All lines from the one holding "Front view of" to the end of the listing are to be output exactly, both ends included, with any pictures left out.

Segment Start: GIVEN INFORMATION

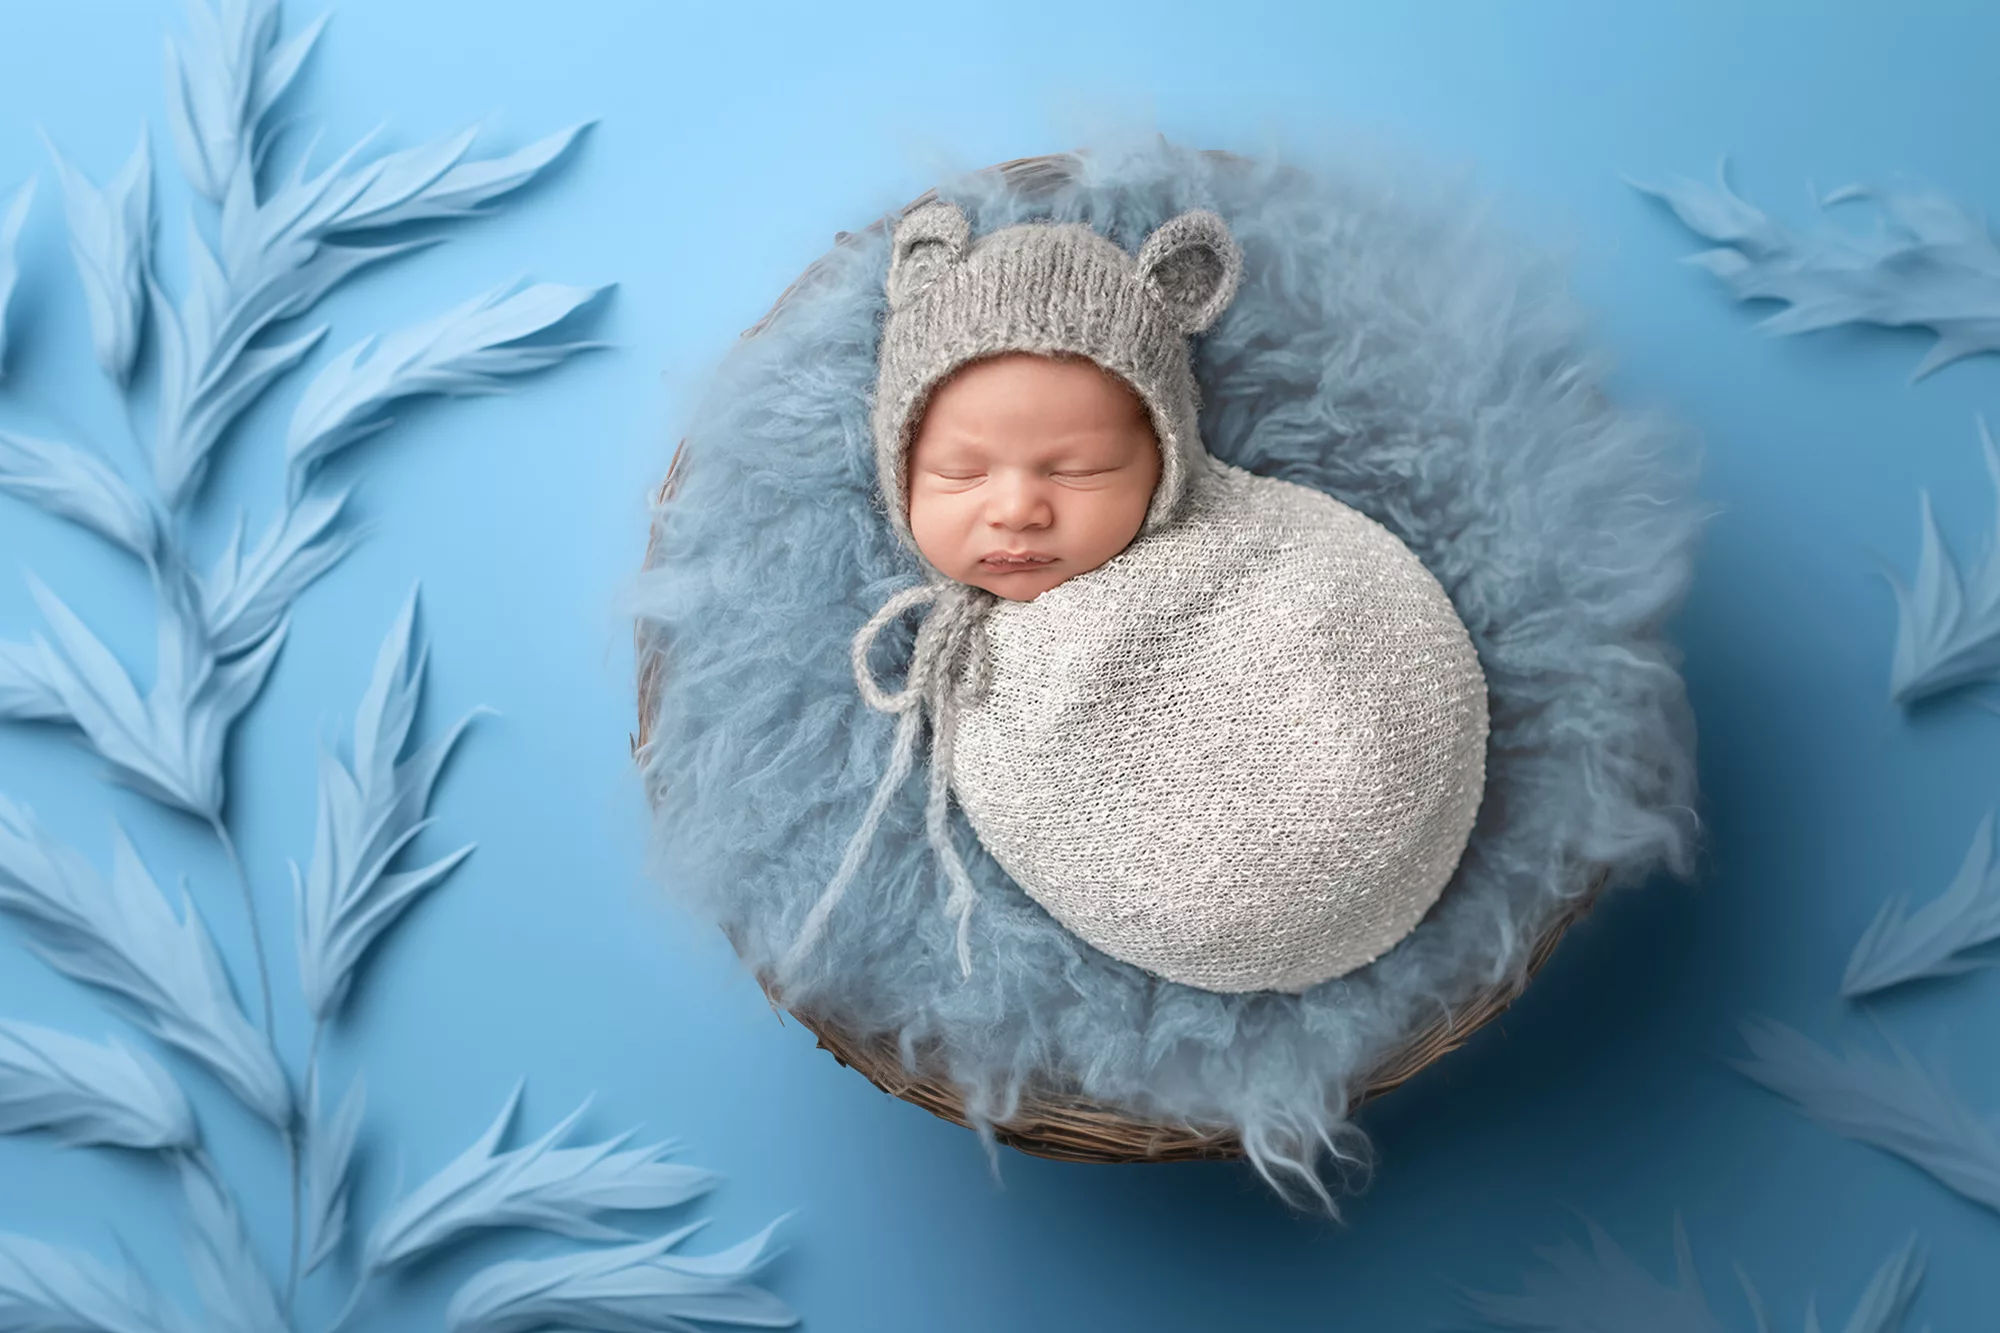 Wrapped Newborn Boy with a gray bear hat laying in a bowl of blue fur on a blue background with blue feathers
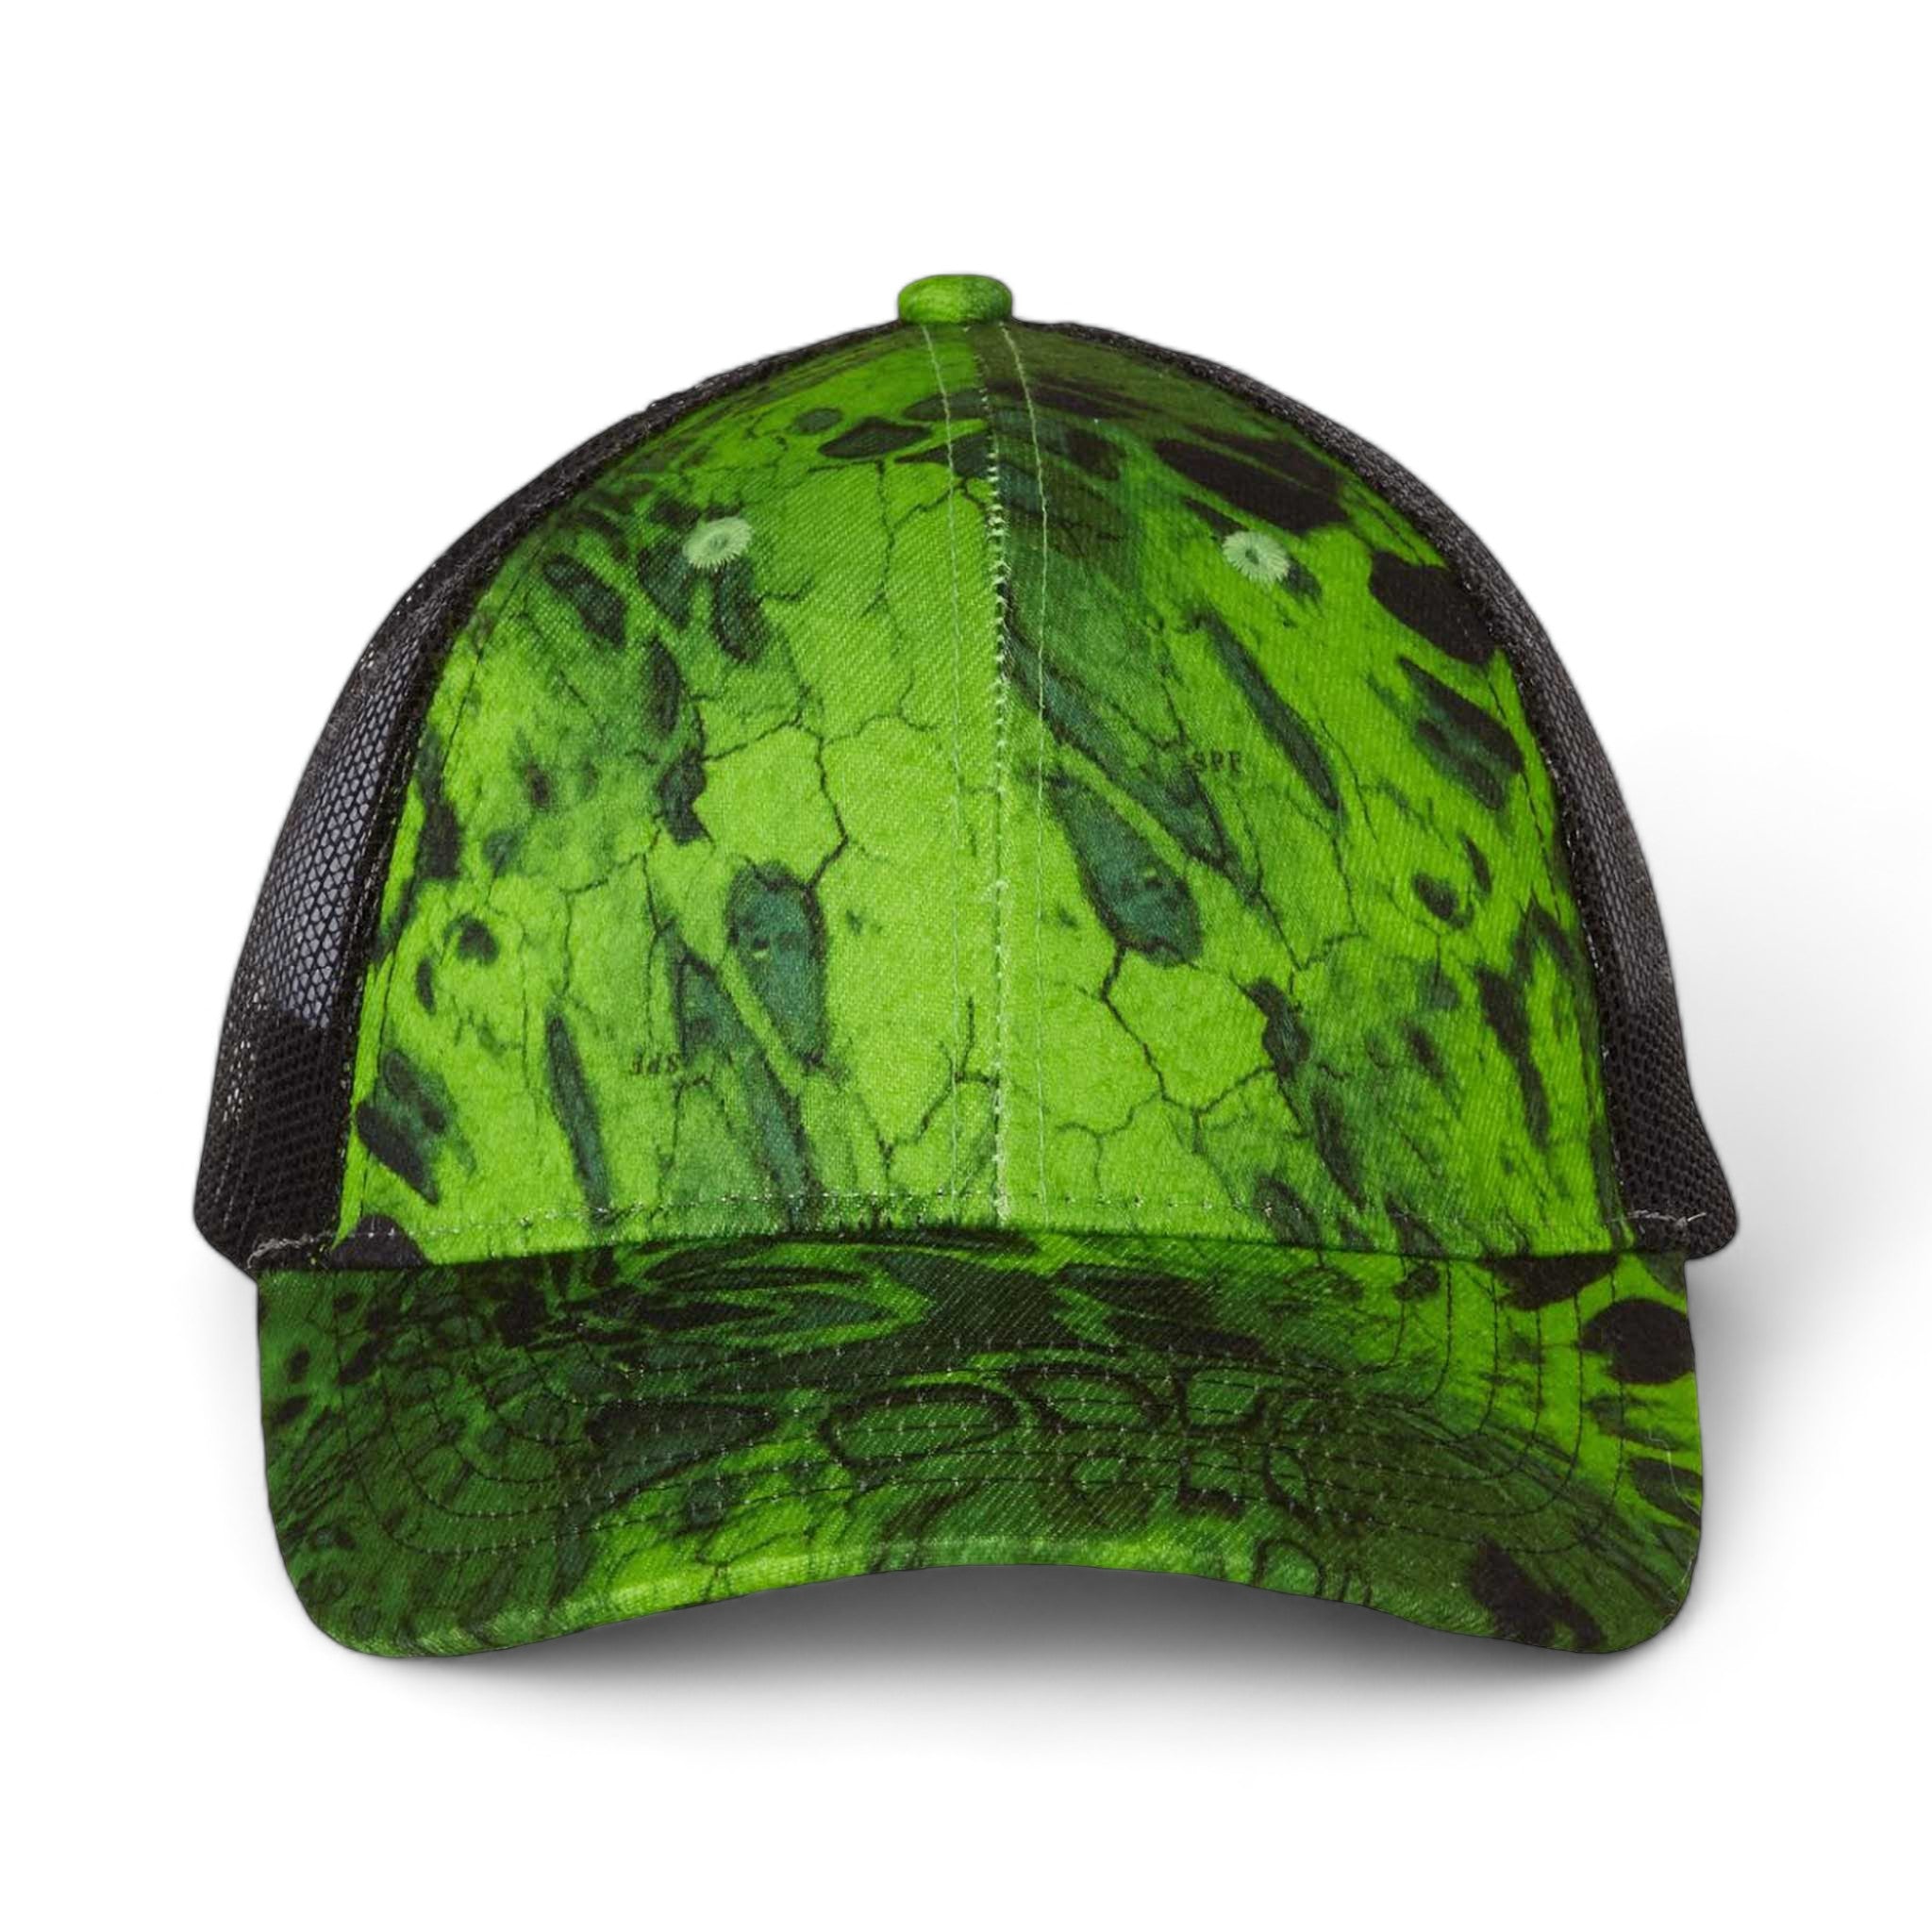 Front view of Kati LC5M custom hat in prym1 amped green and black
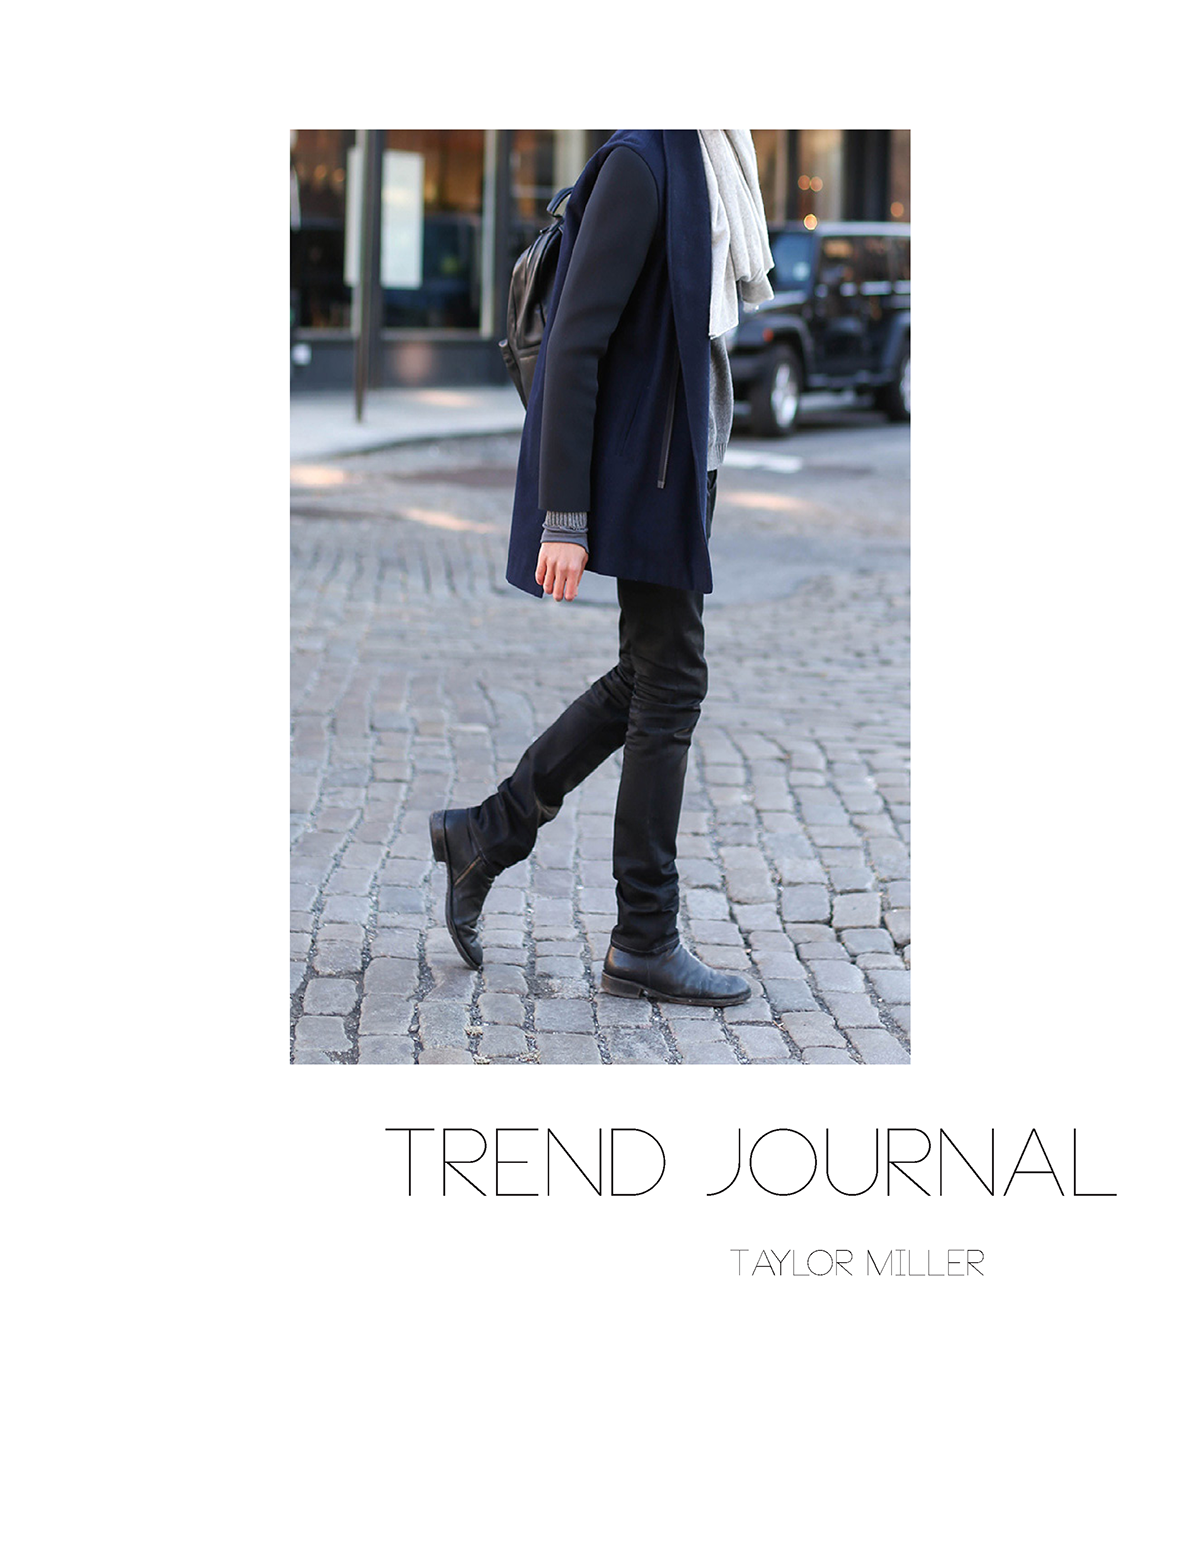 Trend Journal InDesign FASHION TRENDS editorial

Segment End: GIVEN INFORMATION

→ WRITTEN ANSWER:
 Front view of Kati LC5M custom hat in prym1 amped green and black
 Trend Journal InDesign FASHION TRENDS editorial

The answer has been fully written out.